- Born: November 23, 1960 (age 65) East Cleveland, Ohio, U.S.
- Occupations: Actor, comedian
- Years active: 1982–present
- Children: 1

= John Henton =

American actor and comedian (born 1960)

John Henton (born November 23, 1960) is an American actor and comedian. Henton is known for his roles as Overton Wakefield Jones on the Fox sitcom Living Single and as Milsap Morris on the ABC/UPN sitcom The Hughleys.

==Life and career==
Henton was born in East Cleveland, Ohio. He is a graduate of Shaw High School.

In 1982, Henton had a day job working at a paint warehouse and was taking computer classes in the evenings. He decided to perform at an amateur night at a Cleveland comedy club. On his second performance, Henton won the amateur night contest.

Henton was a stand-up comedian in the Cleveland area for a few years. He took his comedy on the road for a year and won the 1991 Johnny Walker National Comedy Search.

Henton was spotted by The Tonight Show Starring Johnny Carson comedy executive Jim McCawley, who booked him to perform on the show on June 5, 1991. As Henton finished his set, he looked to Carson for his approval. Carson, Ed McMahon, and guest Tony Bennett all waved Henton over to take a seat on Carson's guest couch. During a commercial break, Carson asked Henton if he had an agent. Henton said he didn't, and Carson told him, "Well, you will after tonight." Henton appeared on Comic Strip Live ten days later, and he was booked for a second performance on The Tonight Show on October 11. Henton's comedy special, John Henton: Comedy with an Attitude, aired on Showtime in January 1993.

Henton played the role of Overton Wakefield Jones on the Fox sitcom Living Single.
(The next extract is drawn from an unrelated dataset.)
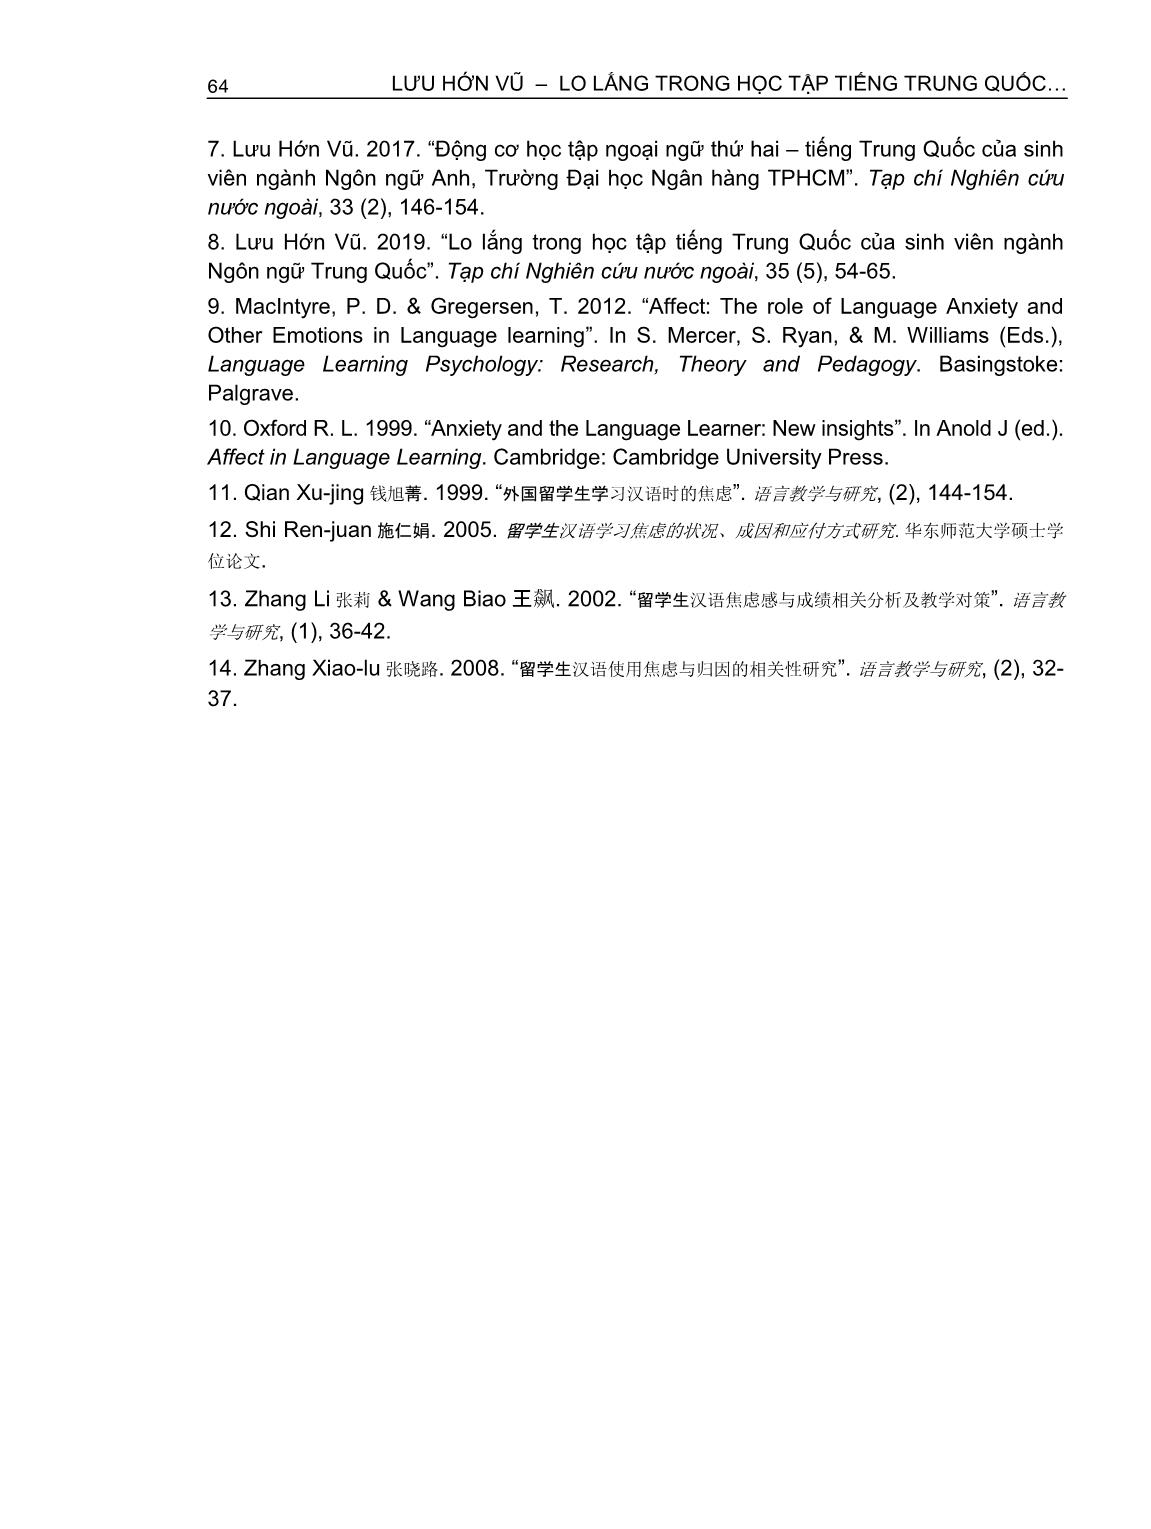 Lo lắng trong học tập tiếng Trung Quốc - Ngoại ngữ thứ hai của sinh viên ngành Ngôn ngữ anh (Trường hợp Trường Đại học Ngân hàng thành phố Hồ Chí Minh) trang 10

He also played Milsap Morris on the ABC/UPN sitcom The Hughleys. Henton has made guest appearances on other sitcoms One on One, The Parkers, For Your Love, Hannah Montana and Love That Girl!.

In September 2000, Henton was involved in a serious car accident that "destroyed his left eye socket, shattered both of his legs, broke nine teeth and ripped up his stomach". His face was badly deformed by the incident, though extensive plastic surgery restored most of his facial structure.